Елена Колина
Сложные люди
Все время кто-нибудь подросток
Посвящается сёстрам Берте и Кларе
© Елена Колина
© ООО «Вимбо»
Все права защищены. Никакая часть данной книги не может быть воспроизведена в какой бы то ни было форме без письменного разрешения владельцев авторских прав.
Предисловие
В моей семье всё время кто-нибудь подросток, при этом неважно, сколько кому лет, подростковый кризис со всеми его бешеными переменами может настигнуть хоть в пять лет, хоть в тридцать и даже в восемьдесят. Все мамы в моей семье разные, любят нежно… ну, пусть не всегда нежно, иногда сложно, иногда требовательно и яростно, мамы разные у нас: и холодная, и трепетная, и отстранённая, и давящая. Но какой бы ни была мама, подросток всегда одинокий путник. Мама и сама может внезапно стать подростком.
Моя мама контролировала меня или развивала независимость?
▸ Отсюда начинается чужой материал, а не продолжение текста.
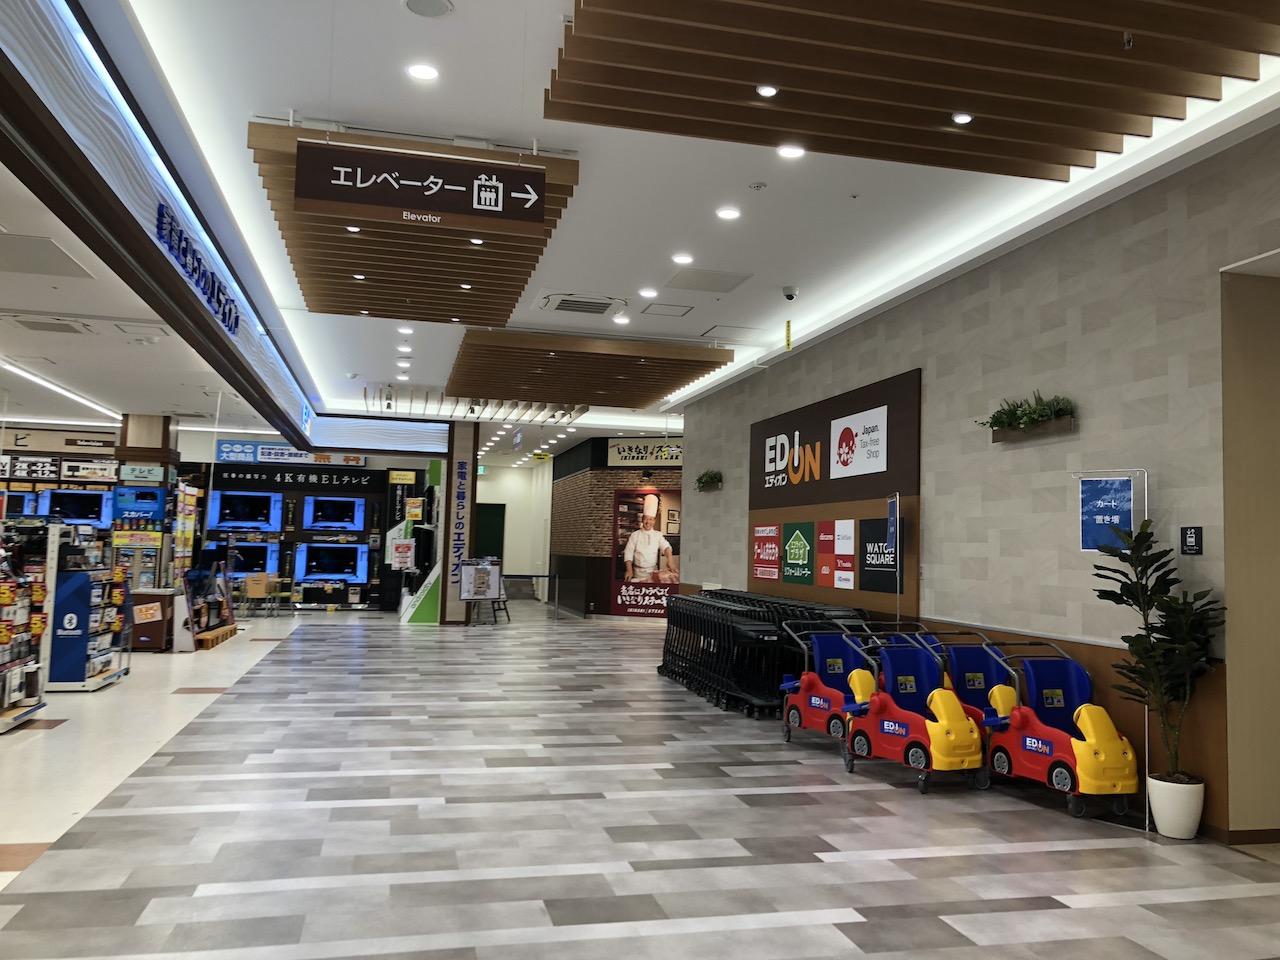 モントレ2階にできた「いきなりステーキ 姫路駅前店」に行ってきた!ランチは安い?駐車場はあるのか?
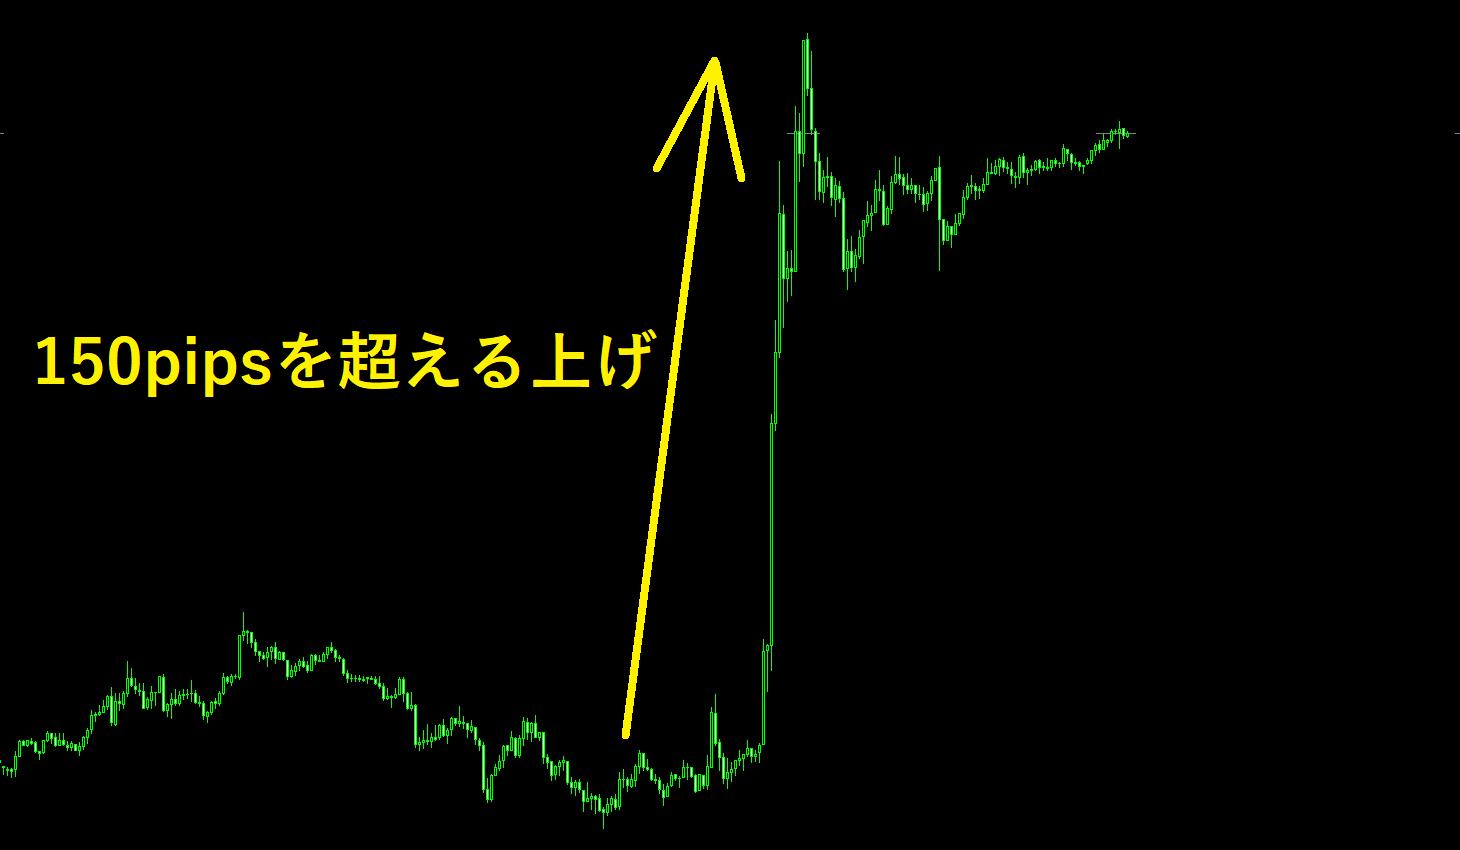 ニュースによりドル円の急騰

А я, как я воспитываю детей, не слишком давлю? Соблюдаю ли границы, не заблудилась ли между «хочу знать» и «хочу всё про тебя знать»? Умею ли я выражать свою любовь, могу ли хотя бы подать знак, что люблю? Живу как самоценная личность или как инструмент для чужого эмоционального комфорта?
Но вот что по-настоящему интересно: оказывается, всё наше – любови и обиды, бинарные оппозиции «что такое хорошо и что такое плохо», наши частности мало того, что могут послужить иллюстрацией к учебнику психологии, но и с аптекарской точностью укладываются в историю воспитания, историю страны.
Всё началось, как и положено, в начале… Избалованные любовью девочки-сестрички, война, блокада. Одни, без взрослых, Берте тринадцать, Кларе четыре, как они выжили в блокаду? Мы не представим, не поймём, как Берта выжила сама и сохранила ребёнка, можем лишь покачать головой или заплакать. …Но что это означало для них, какими мамами они стали, что, как при игре в колечко, передали нам – стойкость, комплексы, душевное сиротство, волю, безволие?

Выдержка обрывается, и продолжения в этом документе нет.